The decision is also a direct attack on the poorest Americans, who already had less access to reproductive care before Roe was overturned. The states that are poised to ban abortions in the absence of Roe are among the poorest in the nation.
“Due to racism and other forms of discrimination in the U.S, the impact of this decision will cause disproportionate harm for people of color, women, those living on lower incomes, young people, immigrants, and members of the LGBTQI+ community,” wrote reproductive justice group SisterSong. “We will never stop fighting. Ever. But we understand today is devastating. Today we are OUTRAGED, but we will organize and resist and never stop fighting!”
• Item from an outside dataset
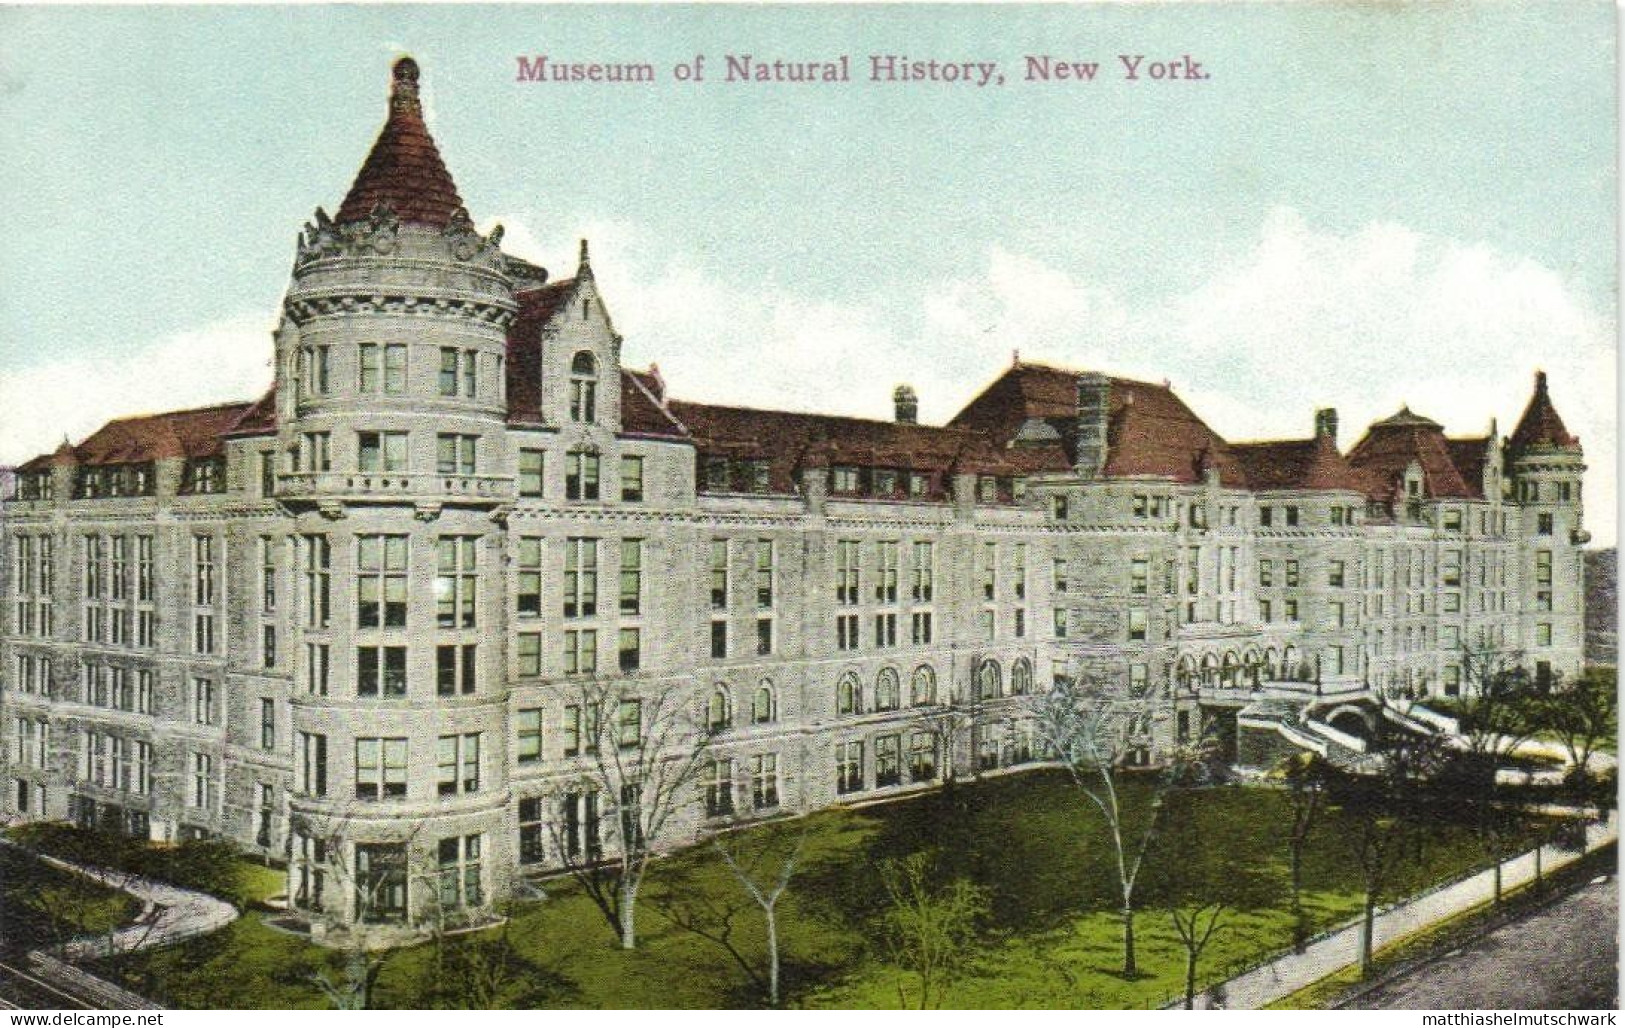 USA - New York – Verschiedene Straßen, Gebäude und Brücken – viele um 1910 - Postkarten (Sammlung von 89)
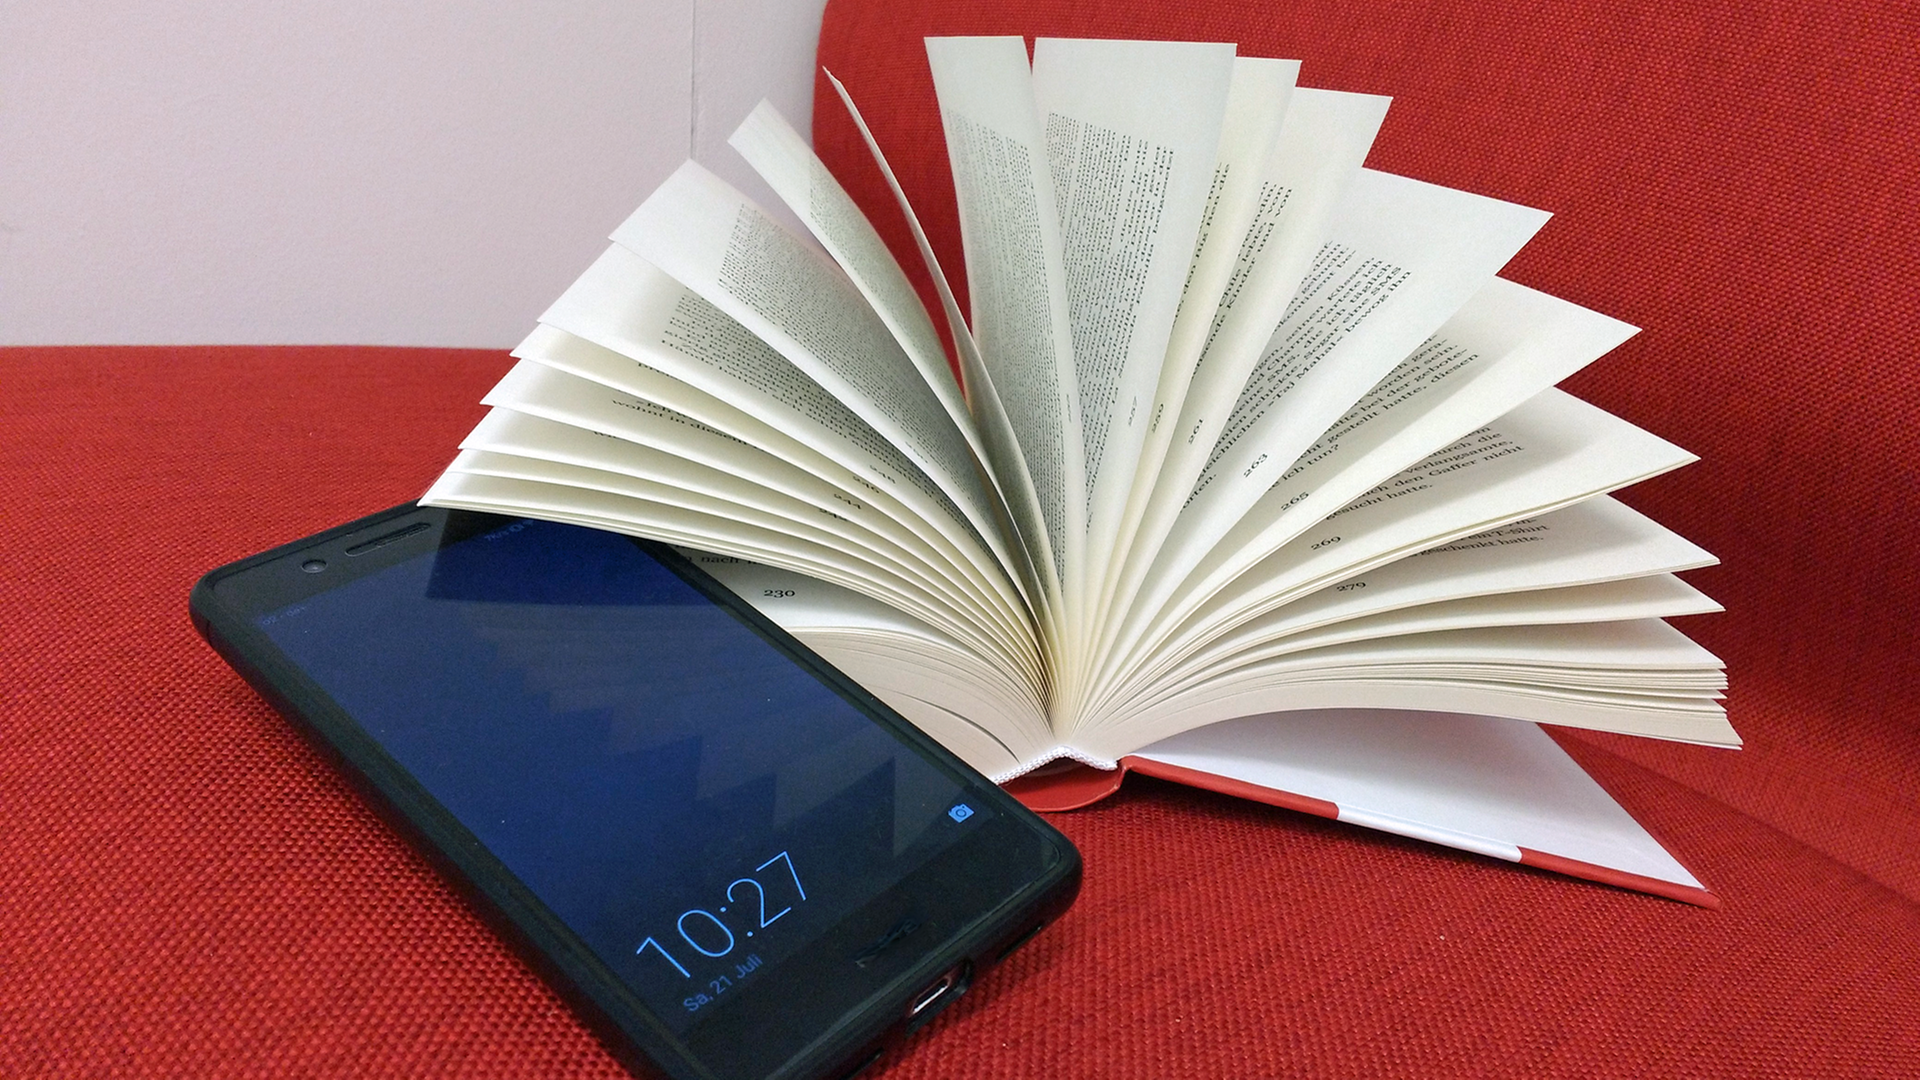 Ein Smartphone liegt neben einem aufgeschlagenen Buch

Lawmakers also joined in the chorus. “Abortion care IS health care. It was so before this. And it will remain so after this,” wrote Rep. Cori Bush (D-Missouri). “We don’t care what a far-right extremist Supreme Court that is in a crisis of legitimacy says. Your racist, sexist, classist ruling won’t stop us from accessing the care we need.”
The decision, written by Justice Alito, is riddled with anti-abortion talking points, including the viewpoint that, because the Constitution doesn’t directly discuss abortion, it is not a protected right.
“The Constitution makes no reference to abortion, and no such right is implicitly protected by any constitutional provision,” Alito wrote.
In his written opinion, Alito rejected arguments that the Due Process Clause of the 14th Amendment of the Constitution could be cited to protect a person’s right to an abortion. But while he promised within his opinion that the precedent being set on Friday wouldn’t upset other important cases, Justice Clarence Thomas disagreed, writing his own concurring opinion on the case at hand in which he complained that the Court didn’t go far enough — a sentiment that many progressives had warned about in the run-up to the Court’s decision.
The Court “declines to disturb substantive due process jurisprudence generally or the doctrine’s application in other, specific contexts,” Thomas wrote, citing specific cases like Griswold v. Connecticut (the right to contraceptives), Lawrence v. Texas (the right of adults to have consensual sexual relationships) and Obergefell v. Hodges (the federal recognition of same-sex marriages).
“In future cases, we should reconsider all of this Court’s substantive due process precedents, including Griswold, Lawrence, and Obergefell,” Thomas wrote, claiming that the majority’s opinion today required the Court to “correct” those precedents to be more in-line with his and others’ conservative viewpoints.
The dissenting opinion, meanwhile, written jointly by Justices Sonia Sotomayor, Elena Kagan and Stephen Breyer, noted that a number of “draconian restrictions” already established in several states could become much worse in the future, given the conservative bloc’s newly imposed standards on abortion.
“Some States will not stop” with criminalizing abortion, the justices said. “Perhaps, in the wake of today’s decision, a state law will criminalize the woman’s conduct too, incarcerating or fining her for daring to seek or obtain an abortion. And as Texas has recently shown, a State can turn neighbor against neighbor, enlisting fellow citizens in the effort to root out anyone who tries to get an abortion, or to assist another in doing so.”
“Most threatening of all,” the dissenting justices said, “no language in today’s decision stops the Federal Government from prohibiting abortions nationwide, once again from the moment of conception and without exceptions for rape or incest.”
Indeed, far right politicians reacting to Friday’s ruling have already called for such measures — including former Vice President Mike Pence, who issued a statement demanding the end of abortion protections “in every state in the land.”